A Deeper Calling
by Leslie Caplan
Earthquake kills 23,000 people. Twister splinters an entire town. Fires blaze through thousands of acres of forest. Flash flood drowns a community. Record heat wave leaves crops barren.
This is the world we live in. Every day there is threat of some devastation that slices through the illusion of certainty we have grown so accustomed to, reminding us how fragile life is.
And with this dawning of fragility comes a surge within me to sit and breathe in the depth of life I witness every moment of every day trembling inside my heart. A hurricane of fear, a tsunami of grief, a volcanic eruption of passion for a life that I must let go of, and detach from while simultaneously living it with all my might. The inclination to hold on tightly to what inevitably slips right through my fingers strikes a lightning bolt through the center of my humanity, a thunderous roar echoing deep in the chambers of my love born from both sides of light and dark.
Accept loss forever, says Jack Kerouac.
A halting screech of resistance screams inside of me.

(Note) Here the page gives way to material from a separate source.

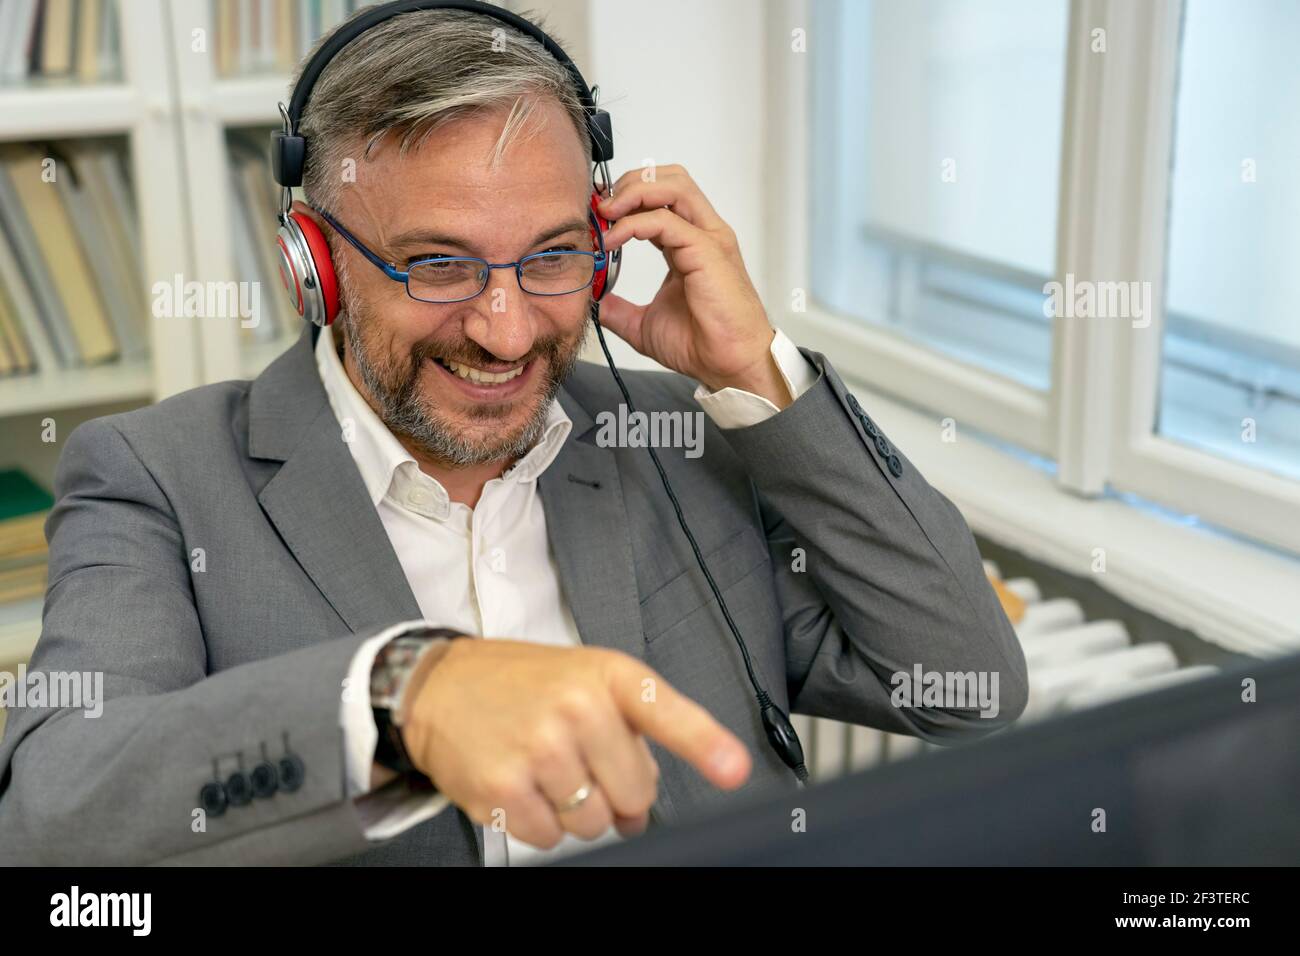 Smiling Mature Businessman With Headphones Sitting at Office Desk Pointing at Computer Monitor. Excited Businessman Gesturing with Hand in His Office. Stock Photo

And yet, it's true. Loss is inevitable. To be human is to experience loss. There is a deep calling to accept this. To live full and fearless, I must accept this. There is an invitation to cultivate a depth of being that breathes awareness into every given moment. To be authentic, to love strong, to live a life that has some level of impact and purpose, to be inspired, to live courageously, to make the ordinary, extraordinary.
What happens "over there" is not "over there" anymore. It ripples out and affects us all.

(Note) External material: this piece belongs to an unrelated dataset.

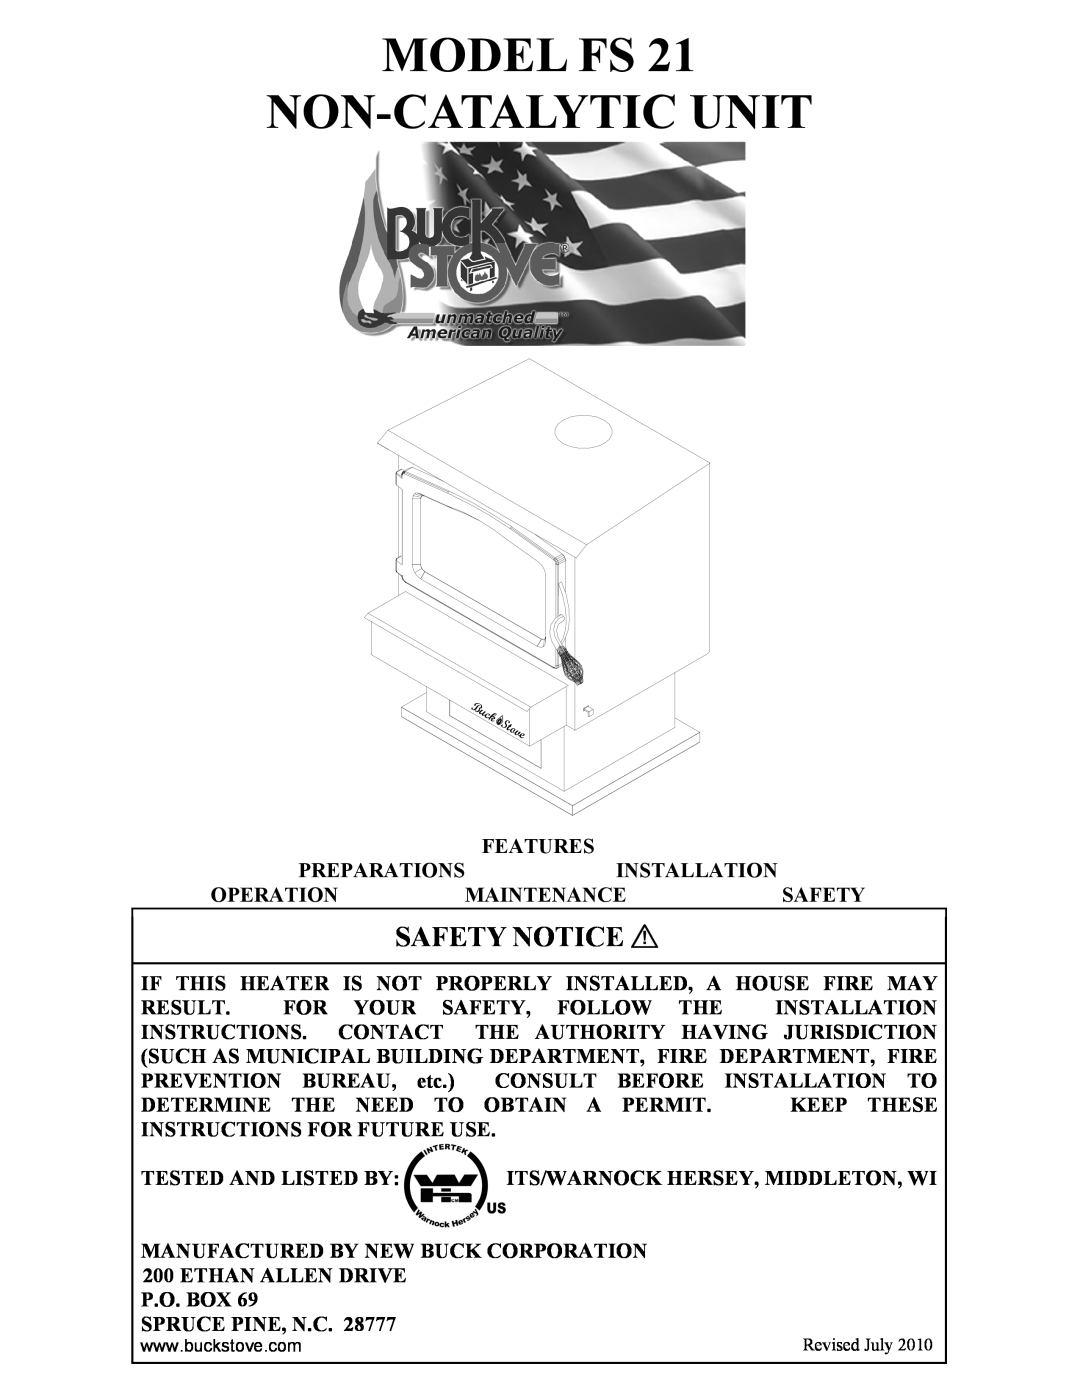 New Buck Corporation FS 21 installation instructions Model Fs Non-Catalyticunit, Safety Notice

It's not, "Oh my God, did you hear what happened in Japan?" It's, "Oh my God, look what is happening to us" — as a species, as a whole, as one connected to another and to everything.
There is no separation.
The woman who lost her son to the recklessness of war is me. The man who lost his family in the flood is me. The earthquake that killed 23,000 people is ME — my community, my humanity, my family. It is not THEM anymore, and it never was.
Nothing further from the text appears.